Excerpted from Orwell: Life and Art, by Jeffrey Meyers. The chapter deals with George Orwell’s novel Nineteen Eighty-Four.
The past is one of the dominant themes of the novel. The Party confidently believes: “Who controls the past controls the future: who controls the present controls the past.” The Party can not only change the past but can also destroy it and authoritatively state: “it never happened.” By creating a new as well as destroying the old past, the Party can also arrange to predict events that have already taken place. Winston spends a great deal of time conversing with the proles, trying to recall and reestablish the personal and historical past that has been officially abolished, for he believes that the past may still exist in human memory. When Winston plots with O’Brien, they drink “To the past.” O’Brien gravely agrees that the past is more important than the future because under a system of organized lying only a remembrance of the past can prevent the disappearance of objective truth.
Orwell’s ideas about the capacity of language to express complex thoughts and feelings, to describe the dimensions of experience with accuracy and honesty, are central to Nineteen Eighty-Four. These ideas originate in Winston’s desire to rediscover his own past—in his dreams and his diary—and are contrasted to Ampleforth’s enthusiastic creation of Newspeak. In pursuing these thoughts about language, Orwell joined the literary debate about modern prose.

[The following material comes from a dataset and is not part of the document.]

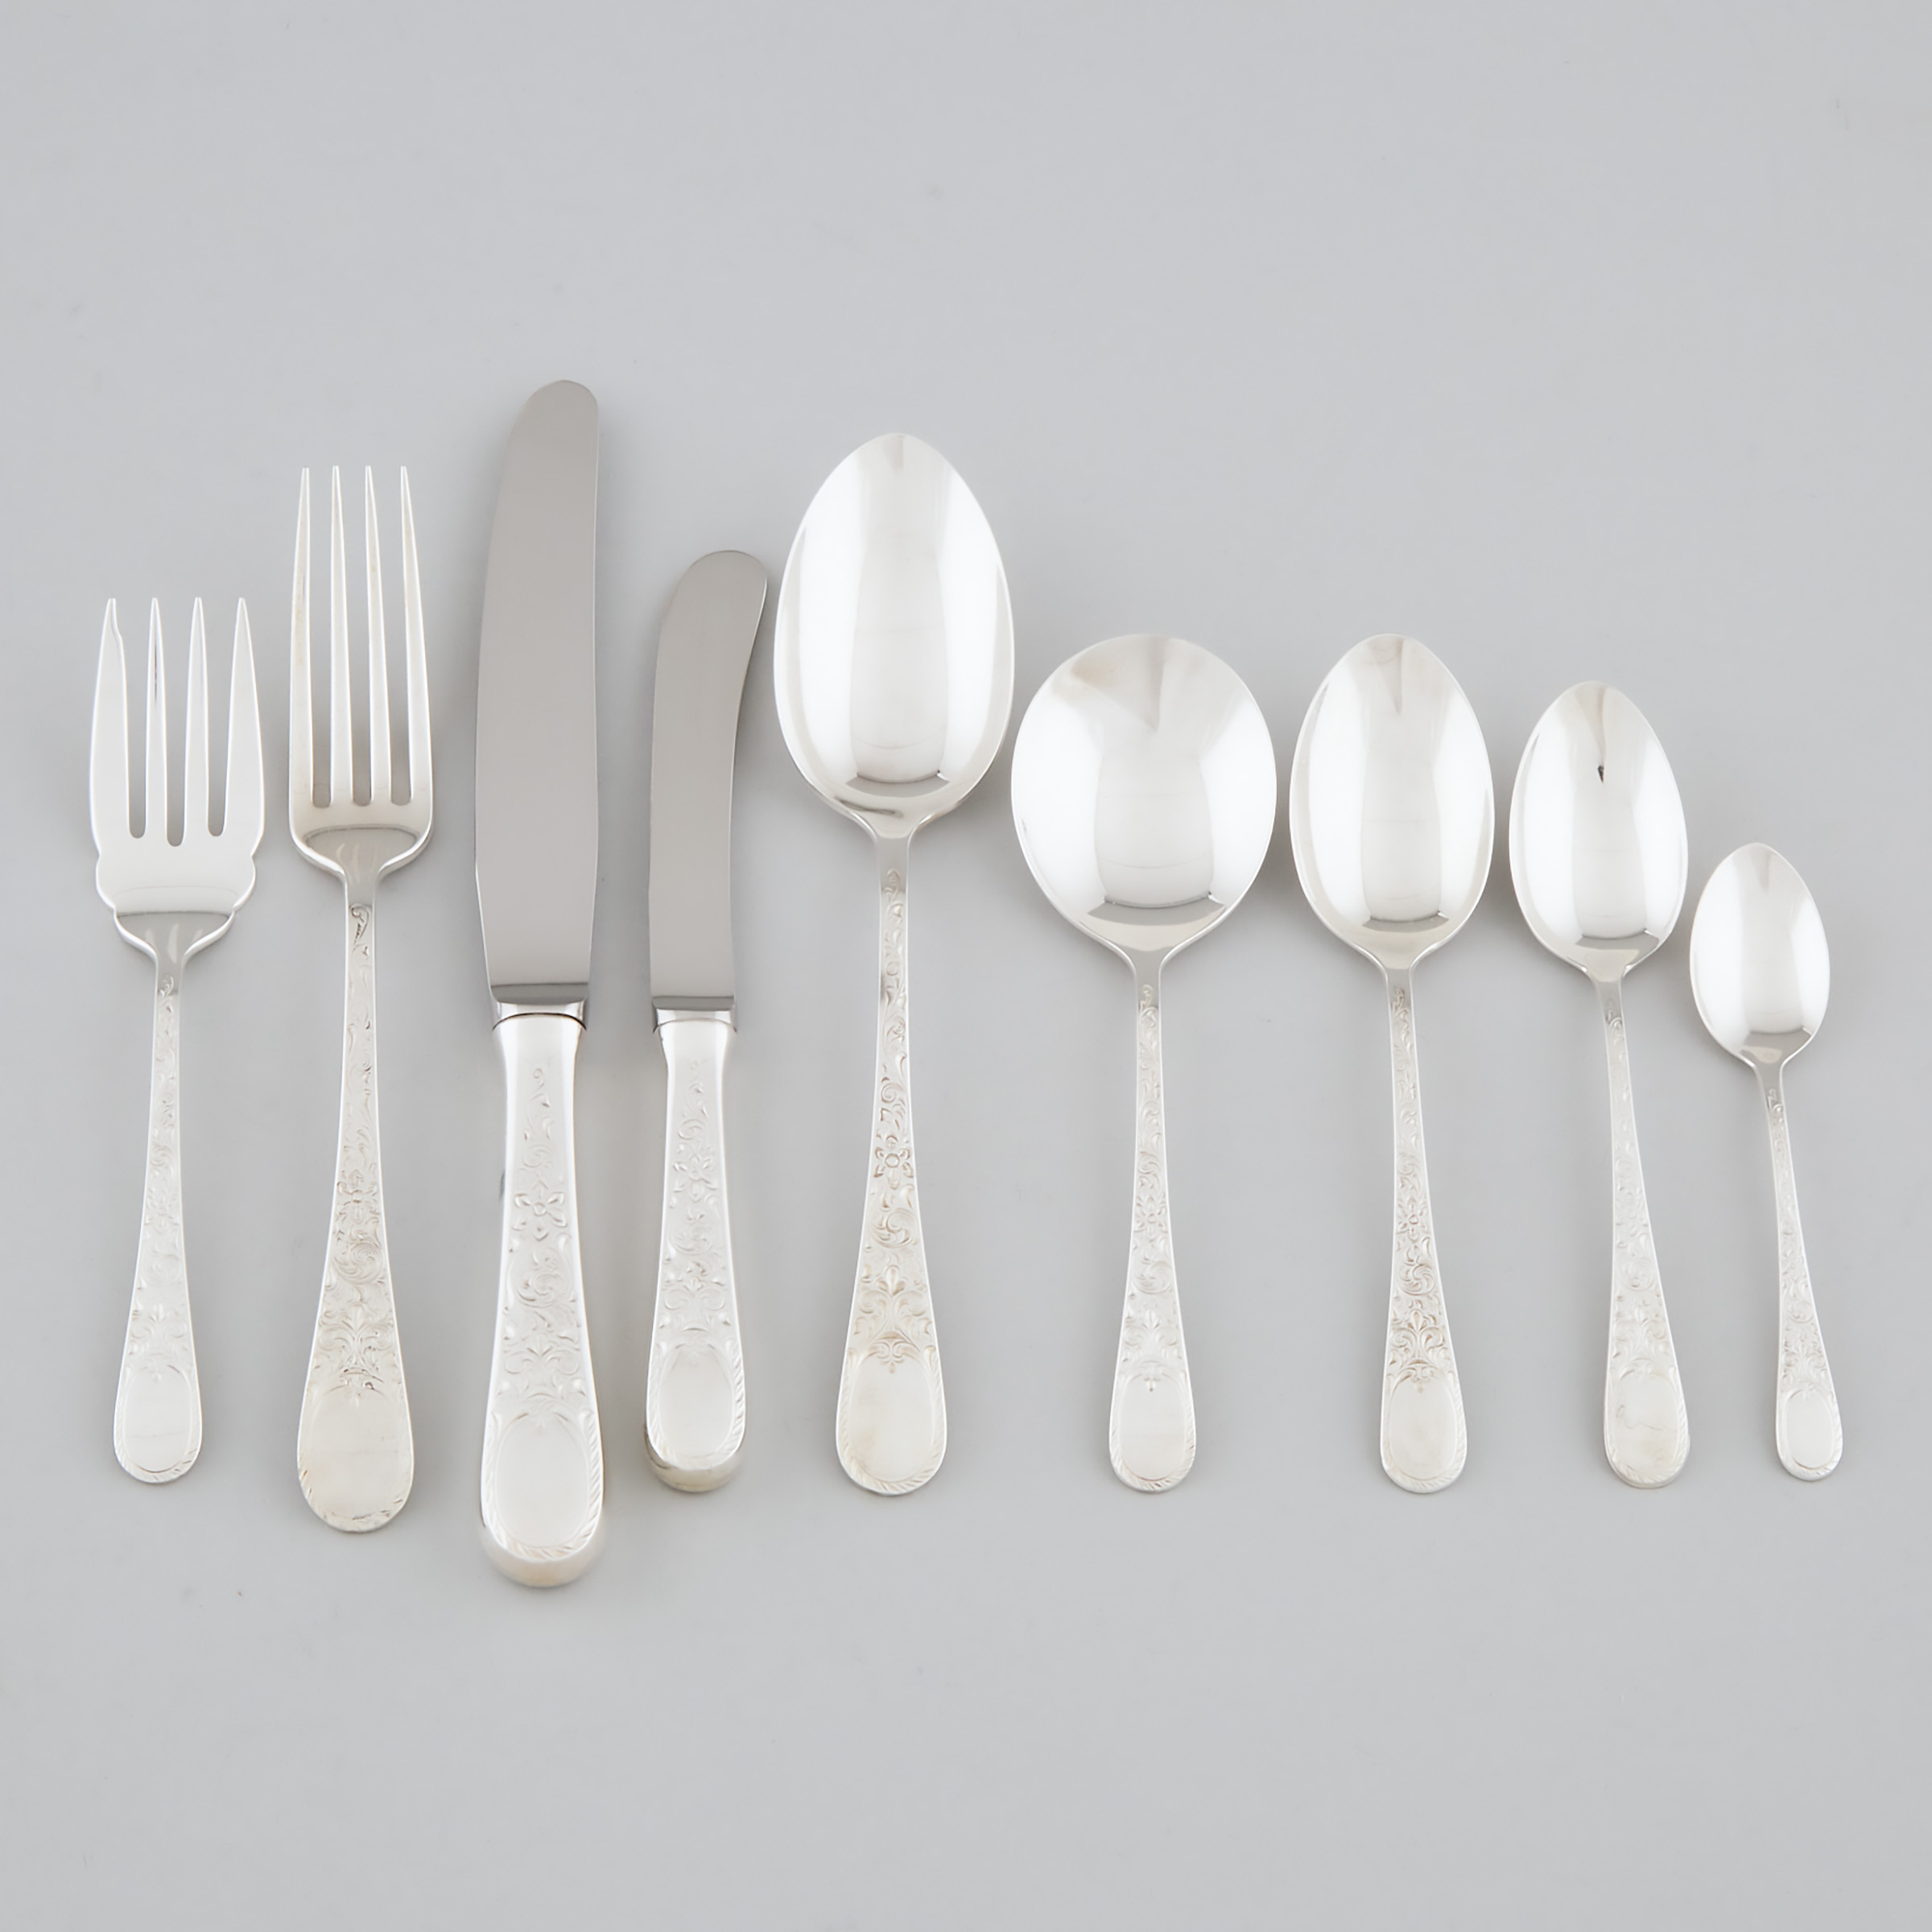 Canadian Silver ‘London Engraved’ Pattern Flatware Service, Henry Birks & Sons, Montreal, Que, 20th century

The Newspeak tendency to reduce the language, to limit the meaning and to reject abstract words was originally a positive aspect of modern prose that developed just after the Great War. Hemingway, who began his career as a journalist, was fascinated by the language of telegraphic cables that resembles the messages sent to Winston’s desk at the Ministry of Truth: “speech malreported africa rectify.” Hemingway told his colleague Lincoln Steffens: “Stef, look at this cable: no fat, no adjectives, no adverbs—nothing but blood and bones and muscle. It’s great. It’s a new language.” Influenced by Ezra Pound, Hemingway came to believe: “Prose is architecture, not interior decoration, and the Baroque is over.”
Like Robert Graves, John Dos Passos, Erich Remarque and other writers who had served in the Great War, Hemingway learned to distrust patriotic rhetoric. In A Farewell to Arms he wrote: “I was always embarrassed by the words sacred, glorious, and sacrifice and the expression in vain. . . . Abstract words such as glory, honor, courage, or hallow were obscene beside the concrete names of villages, the numbers of roads, the names of rivers, the numbers of regiments and the dates.” The abstractions were lies. Only the concrete places where men had fought and died had any dignity and meaning. The bitter disillusionment of the Great War is connected to the betrayal of principles in Nineteen Eighty-Four by Winston’s prophecy of doom: “We are the dead,” which is repeated by Julia and reaffirmed by the telescreen when they are arrested. For Winston’s grim phrase is an ironic echo of an accusatory line, spoken by a corpse, from John Macrae’s popular poem of the First World War, “In Flanders Fields”:
We are the Dead. Short days ago
We lived, felt dawn, saw sunset glow,
Loved and were loved, and now we lie
In Flanders fields.
In the Thirties, this need to reject meaningless abstractions was combined with the desire to find a basic vocabulary and create a proletarian literature. Though Hemingway’s short words, limited vocabulary and declarative sentences, his bare, clear and forceful style, had a salutary effect on modern prose, he was criticized by Wyndham Lewis in “The Dumb Ox” for choking off the possibilities of thought: “Hemingway invariably invokes a dull-witted, bovine, monosyllabic simpleton . . . a super-innocent, queerly-sensitive, village-idiot of a few words and fewer ideas.” Nineteen Eighty-Four demonstrates how the modern tendency to reduce language to its essential meaning can, when carried to the extremes of Newspeak, make the expression of unorthodox opinions almost impossible.
Orwell’s essay “Politics and the English Language” demonstrates the connection between inaccurate expression and dishonest thought. It debunks political pomposity, criticizes fuzzy thinking and shows the corruption that comes from the use of clichés, hackneyed diction and dead language. Nineteen Eighty-Four, however, criticizes the opposite tendency to oversimplify language so that it limits the range of human expression. While expounding the principles of Newspeak and creating the brilliant neologisms that have taken a permanent place in our speech (Big Brother, Thought Police, doublethink, facecrime, vaporized, unperson), Orwell also predicted the radical deterioration of language and the perversion of meaning. In our time, the influence of technology, bureaucracy, television and journalism has debased the language. Dangerous euphemisms have diminished the reality of all unpleasant concepts: prison, torture, war, disease, old age and death. Vague but condemnatory words—Communist, fascist, racist, sexist—have been indiscriminately attached to anything that anyone dislikes. Orwell would have deplored the primacy of visual over verbal media in our culture—television and video over books and magazines—and the corruption of language by computer jargon. All these tendencies have produced words that seem to be written on a typewriter by a typewriter.